1 Introduction and preliminaries

The existence of a fixed point for contractive mappings in partially ordered metric spaces has attracted the attention of many mathematicians (cf. [1–11] and the references therein). In [3], Bhaskar and Lakshmikantham introduced the notion of a mixed monotone mapping and proved some coupled fixed point theorems for the mixed monotone mapping. Afterwards, Lakshmikantham and Ciric in [11] introduced the concept of a mixed g-monotone mapping and proved coupled coincidence point results for two mappings F and g, where F has the mixed g-monotone property and the functions F and g commute. It is well known that the concept of commuting has been weakened in various directions. One such notion which is weaker than commuting is the concept of compatibility introduced by Jungck [7]. In [5], Choudhury and Kundu defined the concept of compatibility of F and g. The purpose of this paper is to present some coupled coincidence point theorems for a mixed g-monotone mapping in the context of complete metric spaces endowed with a partial order by using altering distance functions which extend some results of [6]. We also present an example which illustrates the results.

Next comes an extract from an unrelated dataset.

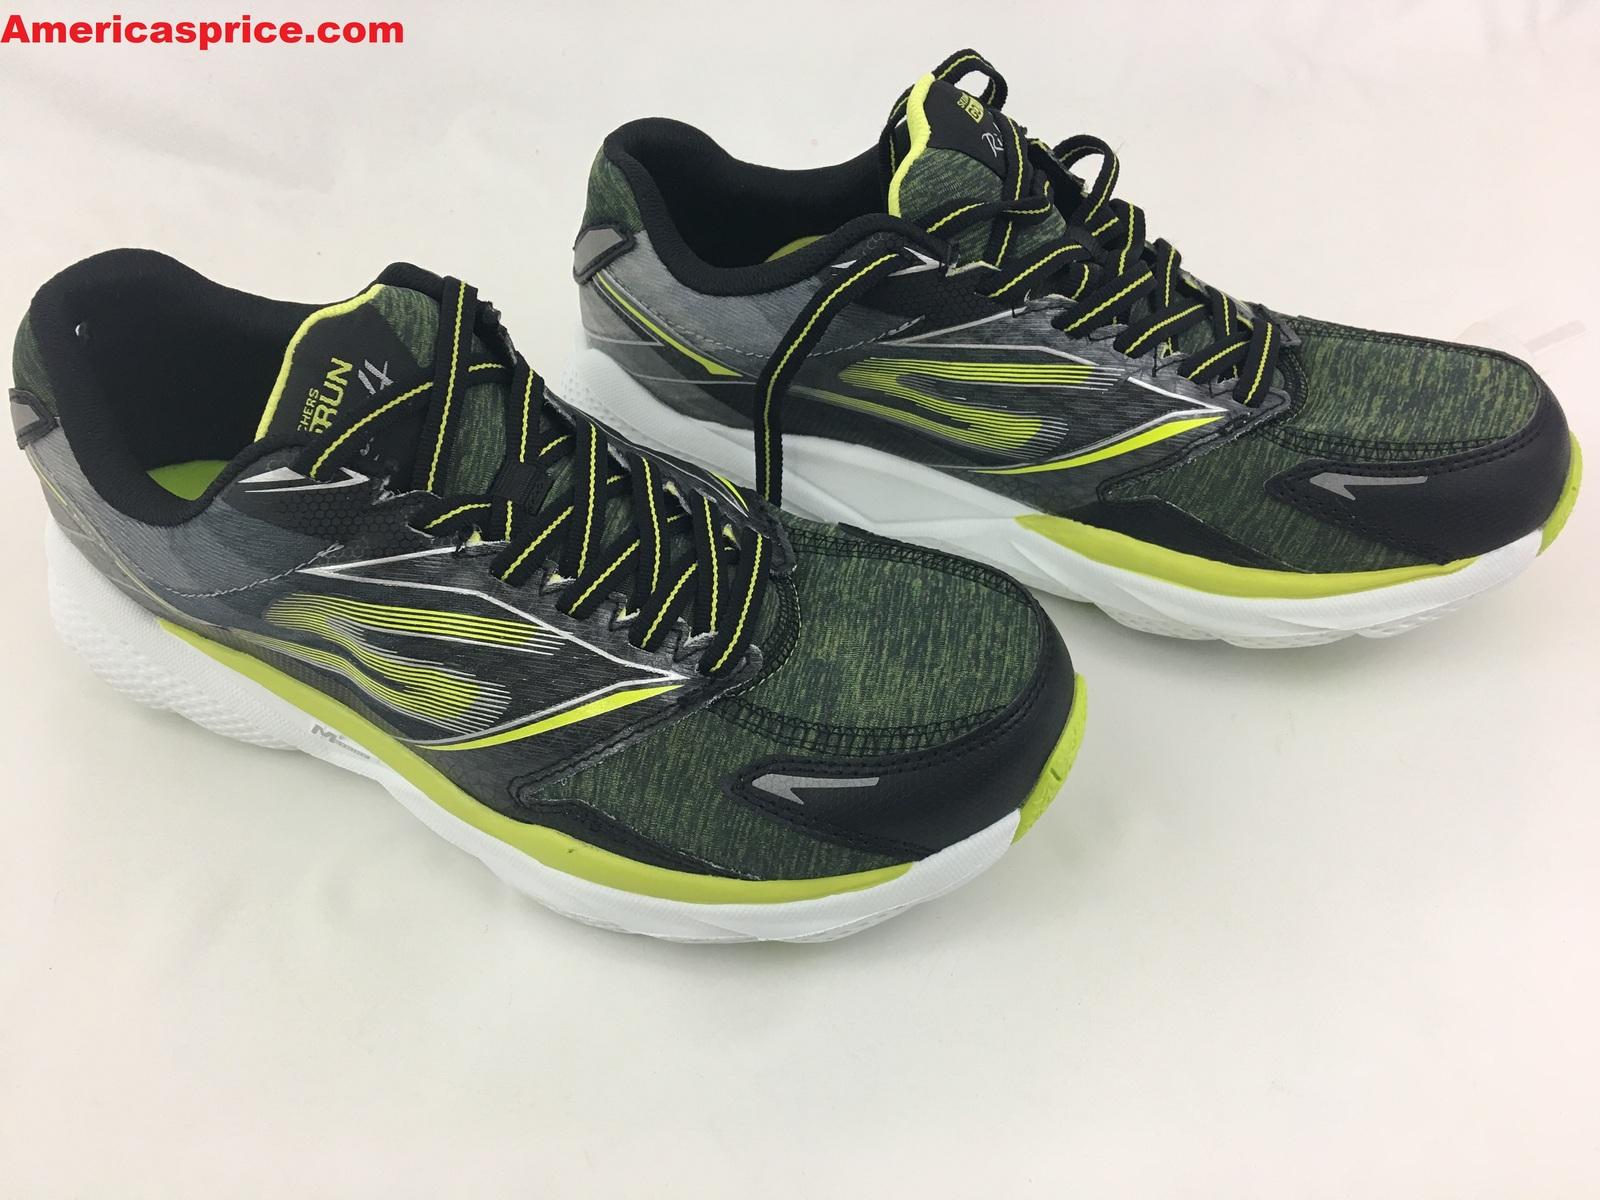 d0d8287d92f9 Img 0458. Img 0458. Skechers 53999 BKLM Men s GOrun RIDE 4-EXCESS Running  Shoes Size 7.5. Skechers 53999 BKLM Men s GOrun RIDE ...

Recall that if $(X,⪯)$ is a partially ordered set, then f is said to be non-decreasing if for $x,y\in X$, $x⪯y$, we have $fx⪯fy$. Similarly, f is said to be non-increasing if for $x,y\in X$, $x⪯y$, we have $fx⪰fy$. We also recall the used definitions in the present work.

Definition 1.1 [11] (Mixed g-monotone property)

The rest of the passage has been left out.